Easy things should be easy. This requires easy-to-use and safe defaults, and a small API surface for the common case.
Cover a reasonably wide range of base requirements, but be open to more advanced use cases or future enhancements. This probably requires some sort of configuration or options, ideally in a way that both the developer and a security reviewer should be able to reason about them.
Should be integratable into other security mechanisms, both browser built-ins and others.
Be poly-fillable, although the polyfill would presumably have different security and performance properties.

Non-goals

Force the use of this library, or any other enforcement mechanism. Some applications will have sanitization requirements that are not easily met by a general purpose library. These should continue to be able to use whichever library or mechanism they prefer. However, the library should play well with other enforcement mechanisms.

Proposal

The basic proposal is to develop an API that learns from the DOMPurify library. In particular:

The core API should be a single String-to-String method, plus a String-to-Fragment method. I.e., one per supported output type.
- saneStringFrom(DOMString value) => DOMString
- saneFragmentFrom(DOMString value) => DocumentFragment
To support different use cases and to keep the API extensible, the sanitization should be configurable via an options dictionary.
To make it easy to review and reason about sanitizer configs, there should be sanitizer instances for a given configuration.
- DOMPurify supports per-call and a global "default" config. Global configuration state can be awkward to use when different dependencies have different ideas about what the global state should be. Likewise, per-call configs can be error prone and hard to reason about, since every call site might be a little different.
There seem to be a handful of common use cases. There should be sensible default options for each of these.

Proposed API

The basic API would be two calls: .saneStringFrom(value) to produce a string, and .saneFragmentFrom(value) to produce a DocumentFragment. Sanitizers can be constructed with a dictionary of options.

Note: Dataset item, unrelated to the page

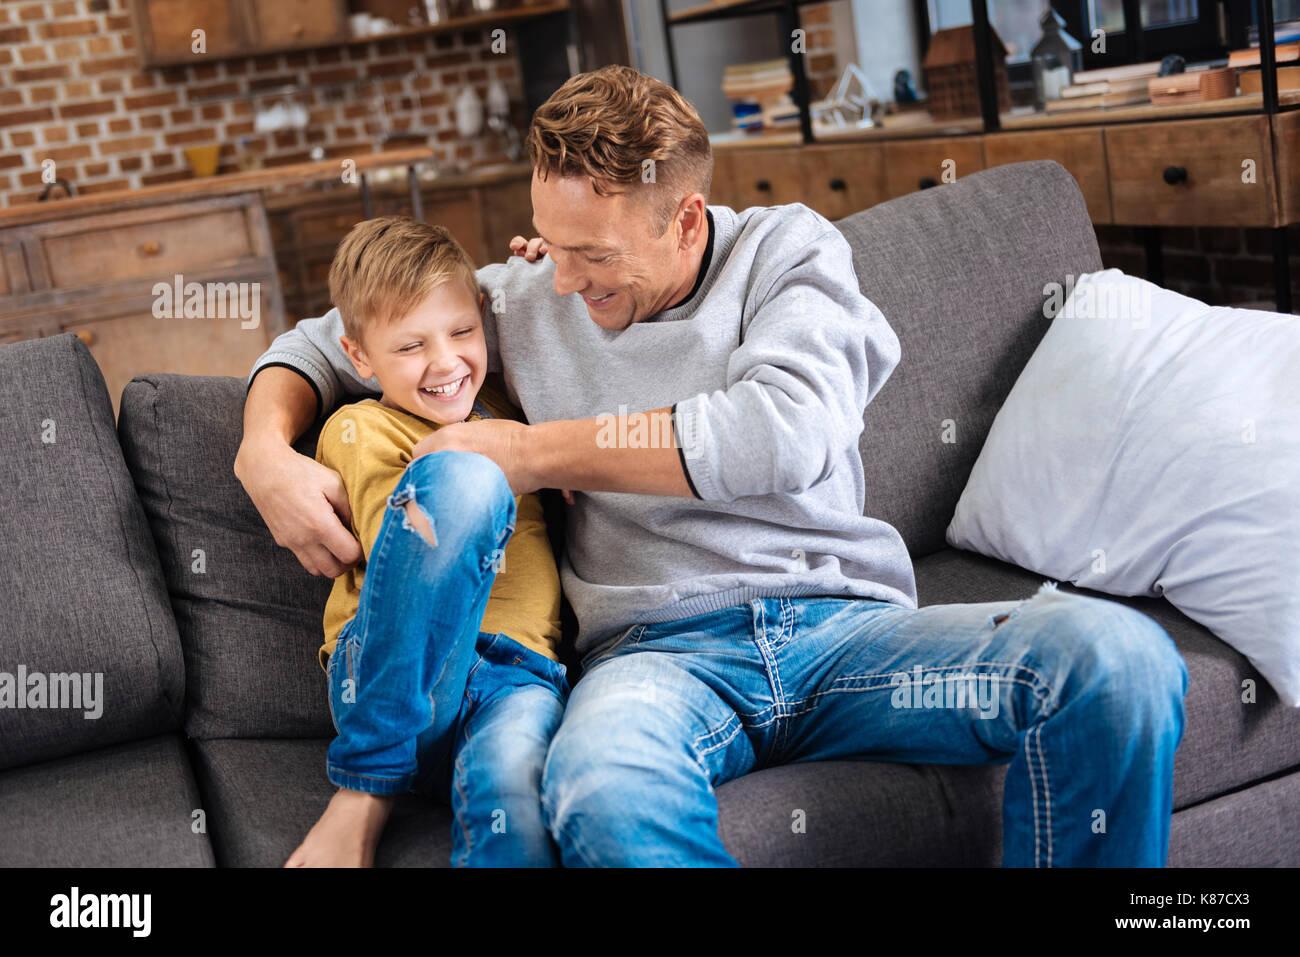 Le père aimant de chatouiller son petit fils sur canapé Photo Stock

[Constructor(dictionary options)] interface Sanitizer {
  DOMString saneStringFrom(DOMstring);
  DocumentFragment saneFragmentFrom([StringContext=HTML] DOMString);
  readonly dictionary creation_options;
 };

Additionally, there should be a number of pre-configured Sanitizers available for common cases, so that web authors can simply use sanitizers for cases where they do not have special requirements.

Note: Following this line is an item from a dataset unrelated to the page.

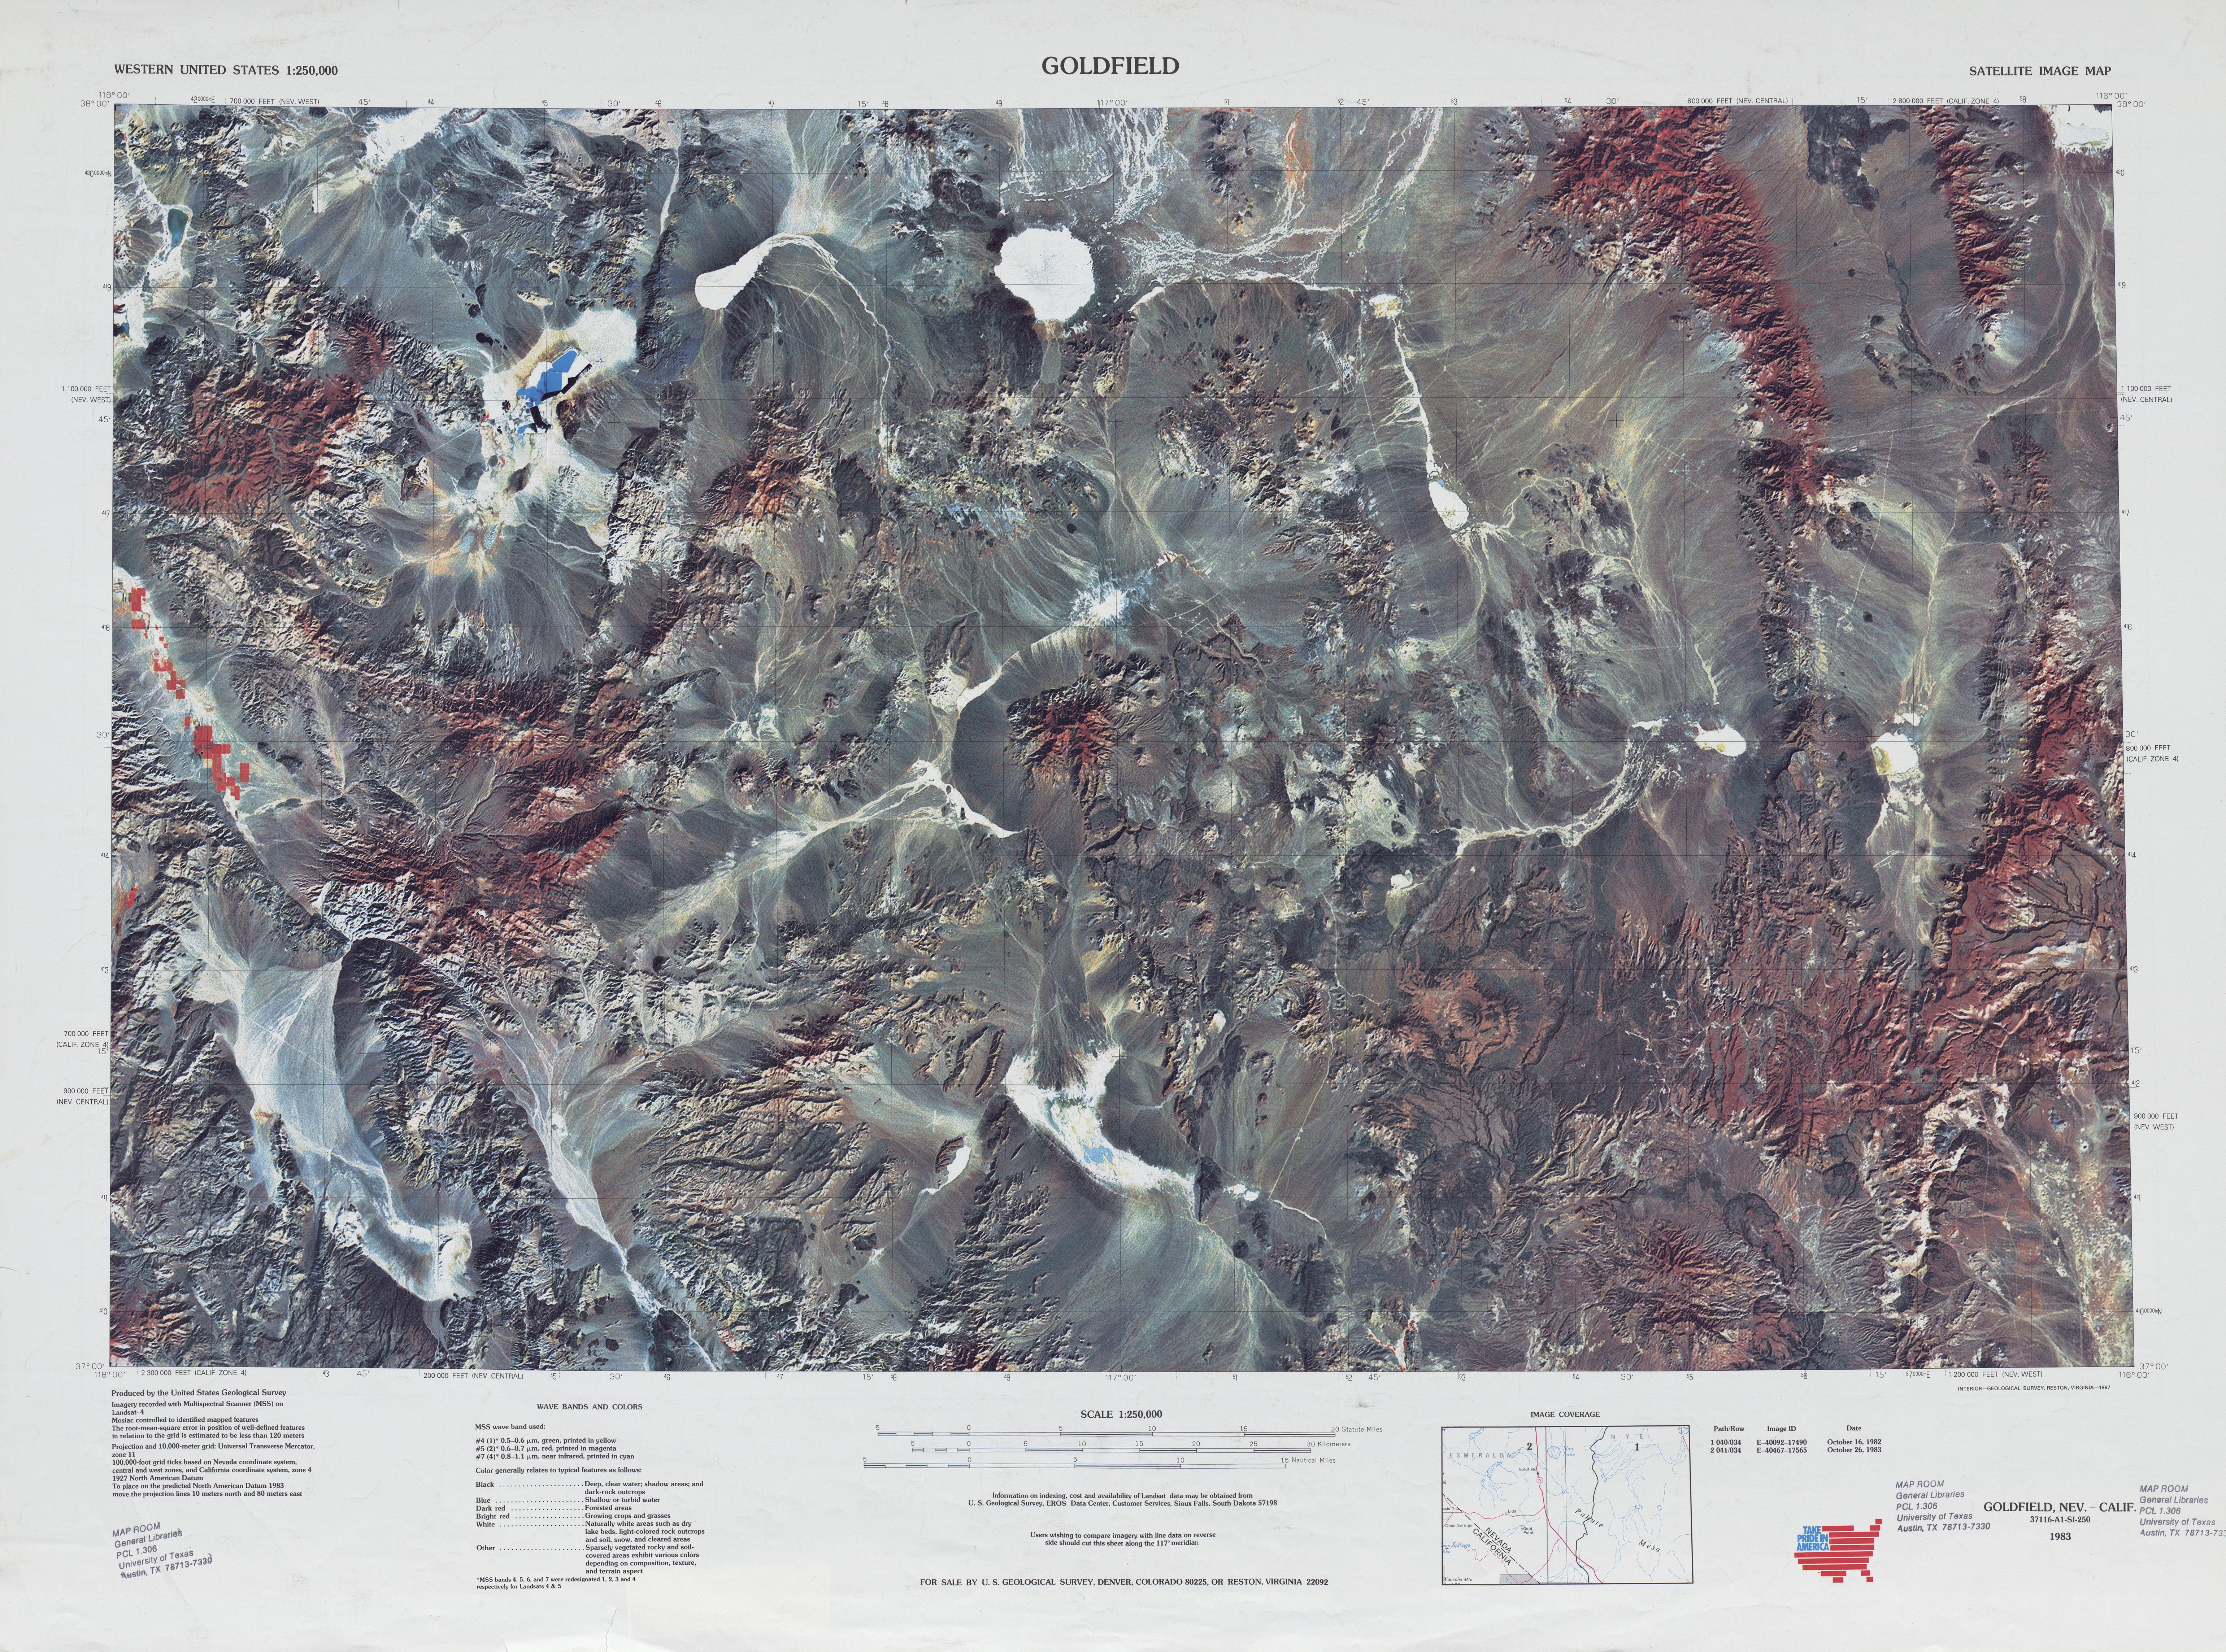 Goldfield Satellite Image Sheet, United States 1983

[I'm not sure the list below actually makes that much sense. And if it does, then we'd need to add additional configuration options, because some of these can't be created using the currently proposed options.]

interface DefaultSanitizers {
  readonly Sanitizer string_only;  // string, without any elements
  readonly Sanitizer simple;  // HTML element content with known-good elements allowed
}

Example usage

A simple web app wishes to take a string (say: a name) and display it on the page:

document.getElementById("...").textContent = sanitizers.html.saneStringFrom(user_supplied_value);

The default sanitizers should probably be accessible via the document, or somesuch. For this example we'll just pretend they're in the global namespace, which... they wouldn't be.

string_only.saneStringFrom("a simple example") => "a simple example"
string_only.saneStringFrom("<b>bold</b> text") => "bold text"
simple.saneStringFrom("<b>bold</b> text") => "<b>bold</b> text"
simple.saneStringFrom("<b>bold</b><script>alert(4)</script> text") => "<b>bold</b> text"

Proposed Options

[I'm super unsure here. DOMPurify is rather full-featured, but I take it each feature in there has found its use case. I suspect we should approach the same feature set, but take liberties to reduce it if a use case is unclear. The important part IMHO is to structure the API so that adding options will be easy, which is well covered by the "options dictionary".]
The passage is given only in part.